6. Response and effectiveness

  • Peak concentrations of benazepril are reached within half an hour to one hour of oral administration. Benazepril is metabolized to an active metabolite, benazeprilat, which also lowers blood pressure.
  • Blood pressure-lowering effects are seen within an hour of oral administration with peak effects achieved between two and four hours after dosing. Blood pressure-lowering effects are maintained for at least 24 hours, although in some patients these effects may diminish towards the end of the 24 hours. It may take several weeks before optimal blood pressure lowering effects are achieved.
  • Abrupt withdrawal of benazepril has not resulted in an abrupt increase in blood pressure; however, as with most antihypertensive drugs, it is best to discontinue benazepril slowly.

7. Interactions

Medicines that interact with benazepril may either decrease its effect, affect how long it works for, increase side effects, or have less of an effect when taken with benazepril. An interaction between two medications does not always mean that you must stop taking one of the medications; however, sometimes it does. Speak to your doctor about how drug interactions should be managed.

Common medications that may interact with benazepril include:

  • aliskiren
  • allopurinol (may enhance the potential for allergic reactions)
  • amifostine
  • amphetamines
  • antipsychotic agents (may enhance the blood pressure-lowering effect)
  • aspirin
  • azathioprine
  • diuretics, such as furosemide or hydrochlothiazide
  • duloxetine
  • ferric gluconate
  • gold injections for arthritis (sodium aurothiomalate)
  • grass pollen allergen extract
  • heparin
  • levodopa
  • lithium
  • mTOR inhibitors (such as everolimus, sirolimus, or temsirolimus)
  • NSAIDs, such as ibuprofen, diclofenac, and naproxen (may result in deterioration of renal function; the effects are usually reversible)
  • other ACE inhibitors (such as captopril or lisinopril) or ARBs (such as candesartan or irbesartan)
  • other antihypertensives, such as calcium channel blockers, beta-blockers, or vasodilators (may cause an additive blood pressure lowering effect)
  • phosphodiesterase-5-inhibitors, such as sildenafil
  • potassium supplements or potassium-sparing diuretics (such as amiloride or spironolactone)
  • sacubitril
  • trimethoprim.

Benazepril may also cause blood sugar levels to drop more than expected when taken with diabetes medication, including insulin. Increased blood sugar monitoring may be required.

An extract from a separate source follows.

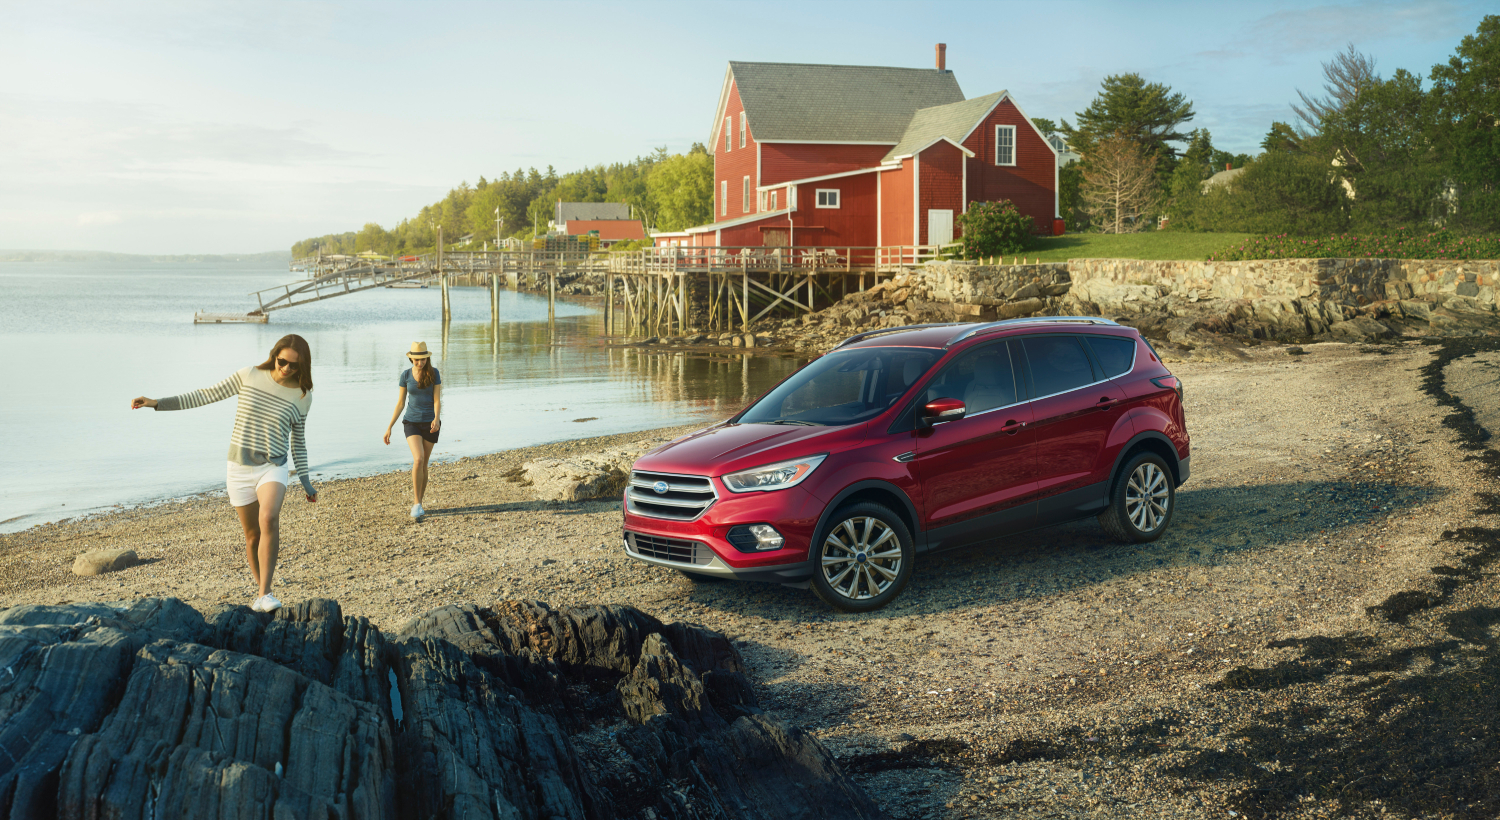 The best used Ford Escape SUV years like this one in red

Note that this list is not all-inclusive and includes only common medications that may interact with benazepril. You should refer to the prescribing information for benazepril for a complete list of interactions.

References

Benazepril. Revised 10/2020. AHFS DI Essentials™ https://www.drugs.com/monograph/benazepril.html

Further information

Remember, keep this and all other medicines out of the reach of children, never share your medicines with others, and use benazepril only for the indication prescribed.

Always consult your healthcare provider to ensure the information displayed on this page applies to your personal circumstances.